That's good Grannyjo, you're smart for speaking up before you're negatively affected by her.  She doesn't seem to have any consideration for others, so you should feel good about your decision.


----------



## Gary O' (Aug 15, 2019)

grannyjo said:


> She told me that she was buying a home within a 3 hour drive of my home, so that she could visit every few months.

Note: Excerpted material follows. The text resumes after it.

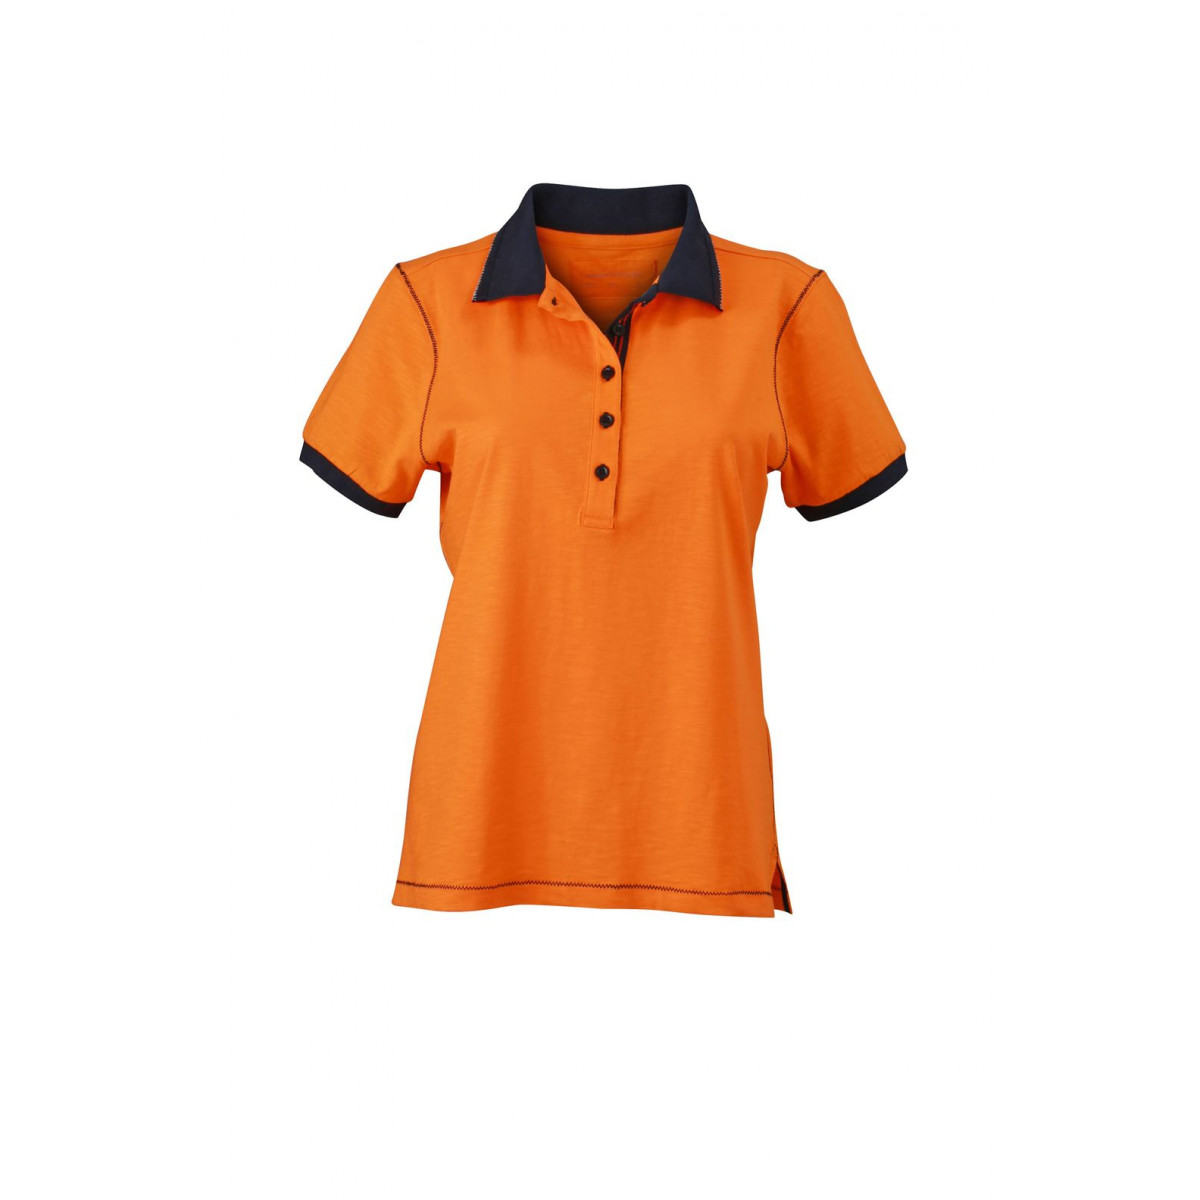 Рубашка поло женская JN979 Ladies Urban Polo - Оранжевый/Темно-синий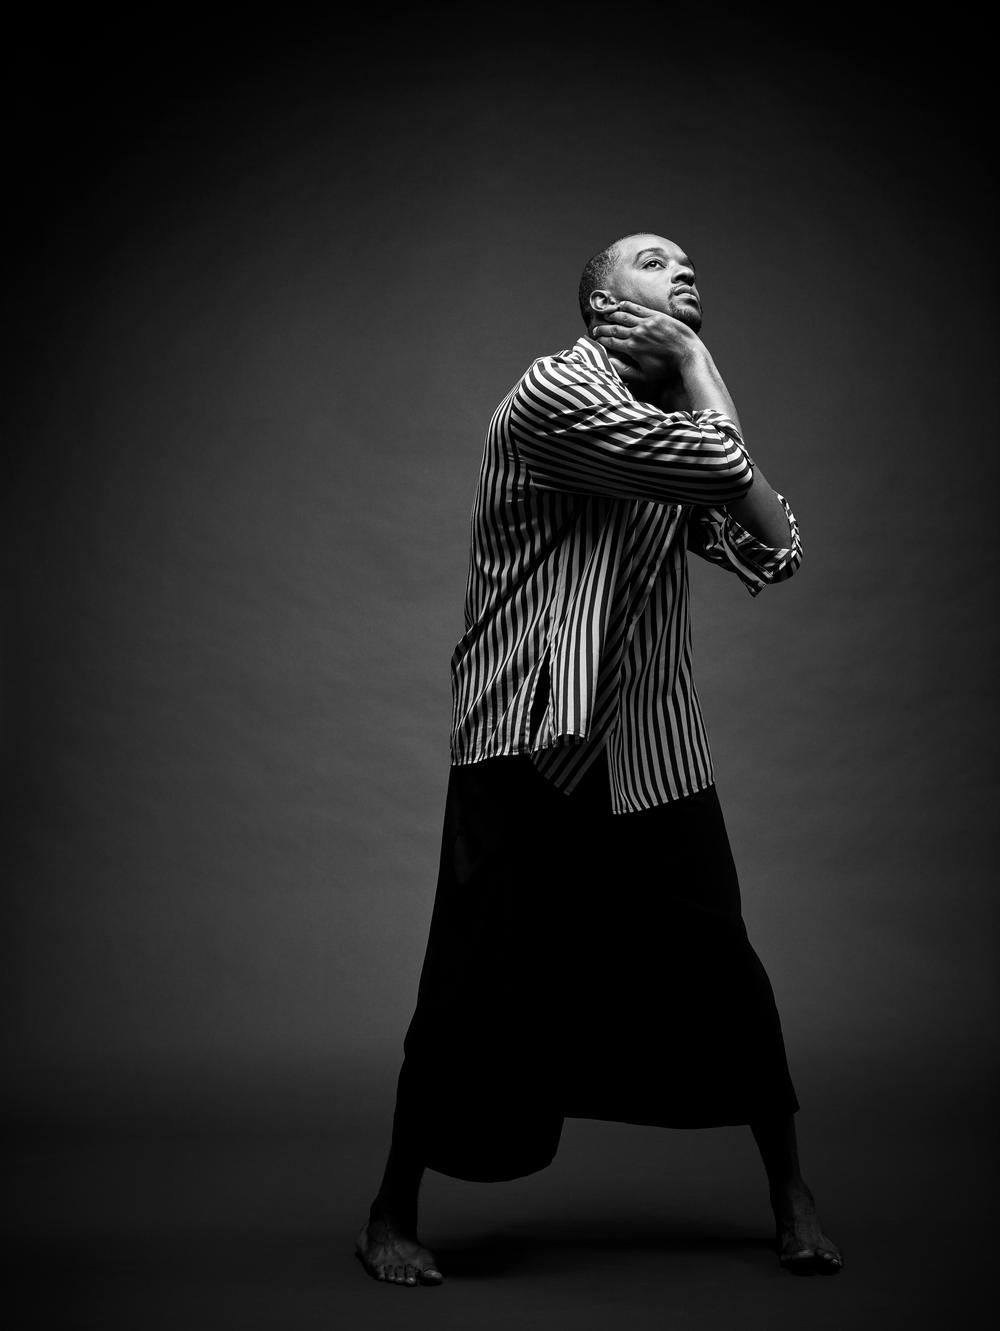 03_Jamal-Dark-Blue-Background-Stripe-Shirt-Black-Pants_0240 1.png

Sometimes this planet just ain't big enough


----------



## Butterfly (Aug 15, 2019)

Good for you, Grannyjo!!


----------



## terry123 (Aug 15, 2019)

Good for you! Life is too short to deal with people like that.


----------



## Gary O' (Aug 15, 2019)

terry123 said:


> Life is too short to deal with people like that


Or too long


----------



## Patio Life (Aug 16, 2019)

Good job. You prevented future frustration and upset for yourself. Being blunt now means you don't need to be blunt later. At least I hope she got the clue, some super selfish people don't. If she wants to visit just tell her you are not available or just don't want company.


----------



## charry (Aug 16, 2019)

Good for you ...i wont be around those type of people now, ......


----------



## StarSong (Aug 16, 2019)

How sad for your niece to be so socially awkward that she doesn't know when it's time to leave.  I know a couple of people like that, though they don't come for overnights.  Perish the thought.

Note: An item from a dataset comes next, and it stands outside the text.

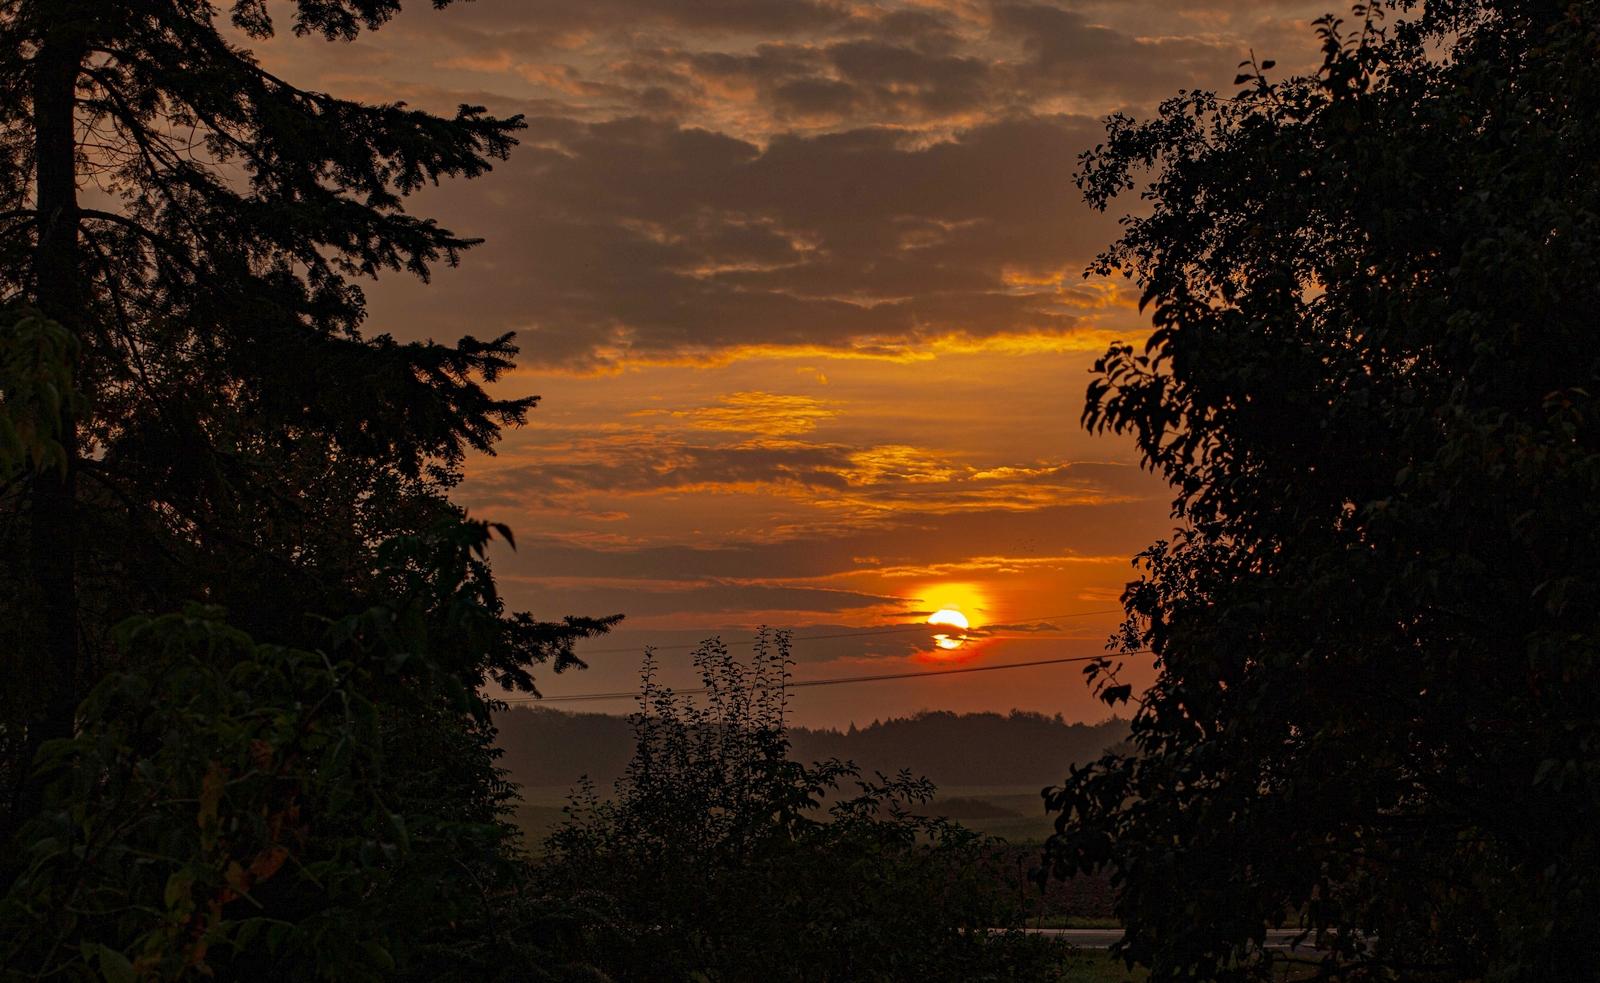 Sonnenaufgang 13.10.19 Mecklenburg

When people overstay in the evening or are the last ones remaining at a party but show no sign of exiting, hubby and I will say things like, "Let me wrap up a few leftovers for you." While doing so, we comment on how nice it was to see them again. Then we start moving them toward the door. 

Nobody's feelings have ever been noticeably hurt, which leads me to believe that we're not the first to employ those strategies.


----------



## toffee (Aug 16, 2019)

well if u made it clear its for just the day -- but its hard to say dont visit !


----------



## Butterfly (Aug 17, 2019)

toffee said:


> well if u made it clear its for just the day -- but its hard to say don't visit !

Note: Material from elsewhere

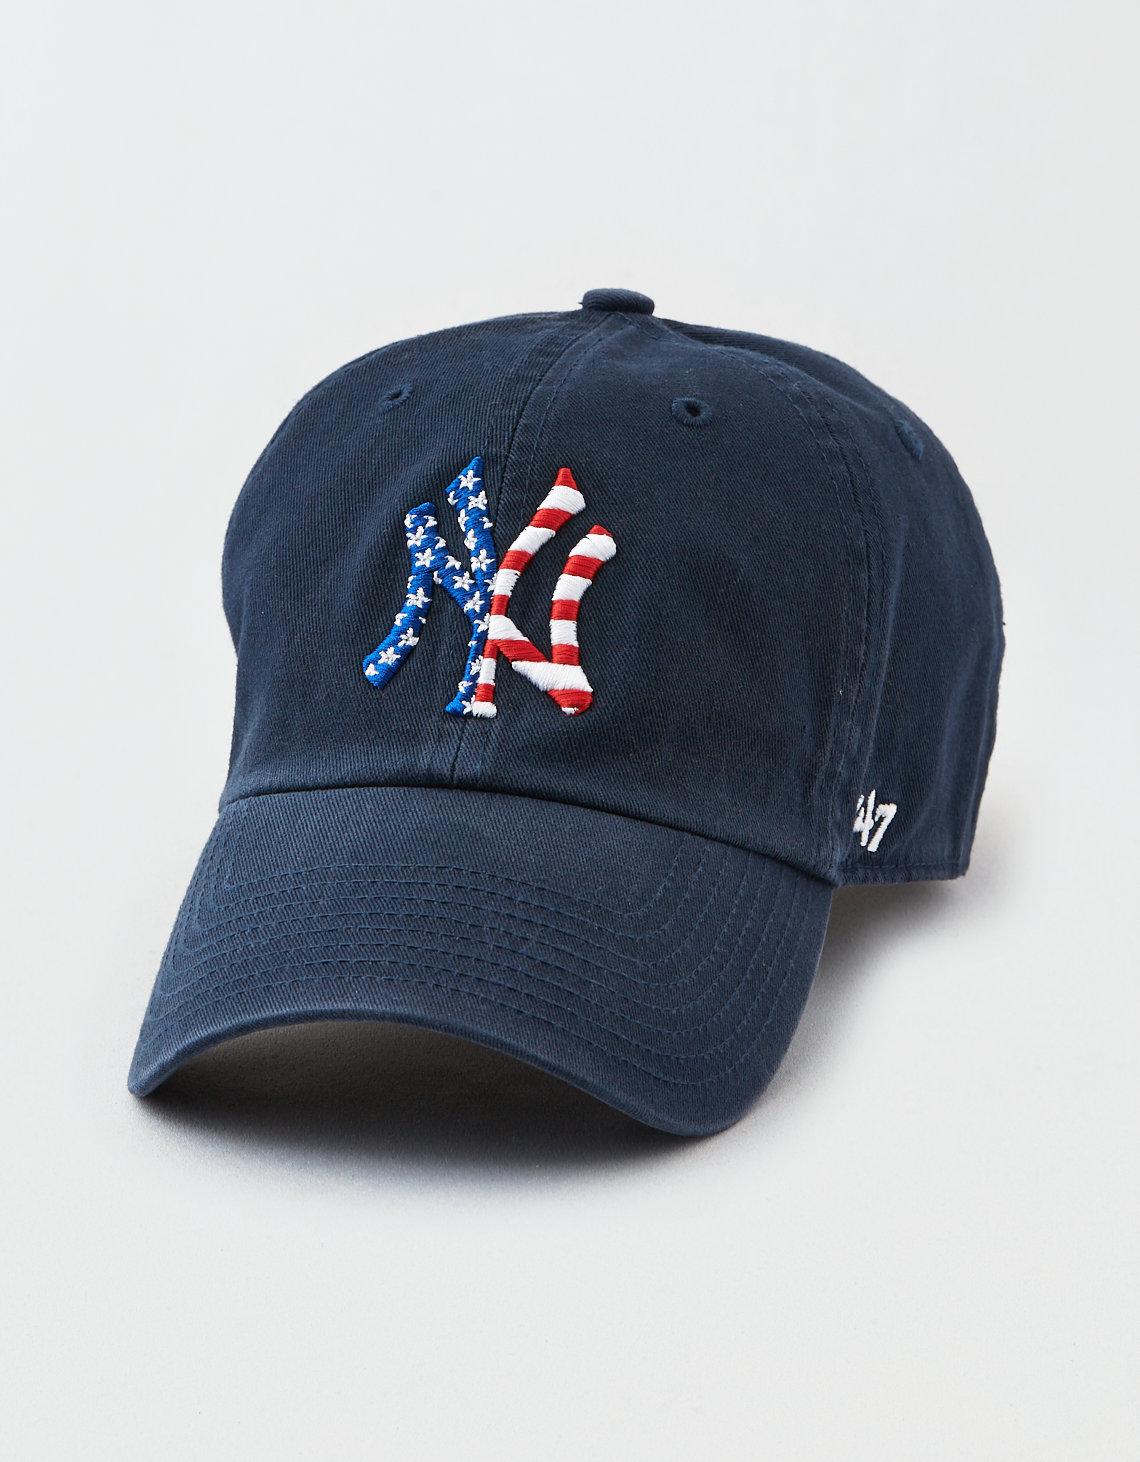 b9ac563a3 '47 Brand Star Spangled Banner New York Yankees Baseball Cap

I don't see any reason a person should feel they have to put up with being "visited" by someone they don't want to be visited by, especially if they won't leave.  The person grannyjo is referring to is evidently a serial moocher.


----------



## Floridatennisplayer (Aug 18, 2019)

So, she has no friends or family. She likes to come and visit with you once in a while.  She's your niece.......and this bothers you?  And you had to set her straight?

I feel bad for her that she's treated this way.  My nieces can visit us anytime, any day, without a required notice, as long as they want.


----------



## Lara (Aug 18, 2019)

Speaking of being blunt. When my kids ask my opinion, I don't beat around the bush nor sugar-coat it. I feel I should be honest and straight forward with them so I'm real. But....

I finally realized, with one child in particular, that she doesn't really want my opinion. She's already made up her mind, and only wants validation. I told her once not to ask my opinion because I can't be less than truthful...but she still does it.

And she doesn't want my opinion to be laced with even the slightest touch of negativity. So I've begun to delicately reword my opinion to avoid that train wreck


----------



## Catlady (Aug 25, 2019)

Floridatennisplayer said:


> So, she has no friends or family. She likes to come and visit with you once in a while.  She's your niece.......and this bothers you?  And you had to set her straight?
> 
> I feel bad for her that she's treated this way.  My nieces can visit us anytime, any day, without a required notice, as long as they want.


You obviously don't know the history about Grannyjo's niece.  She's a clueless and rude moocher who has no boundaries and overstays her welcome at everyone she visits.   She expects to be fed and waited on way past the normal stay.   Read up about it.
https://www.seniorforums.com/threads/ive-had-enough.37141/
Grannyjo, I'm glad you've finally grown a spine, I hope you keep it up.  If she comes to town and wants to see you, just meet her at a restaurant and if she wants to stay at your place tell her you like your privacy.  I've wondered about you and the niece many times.


----------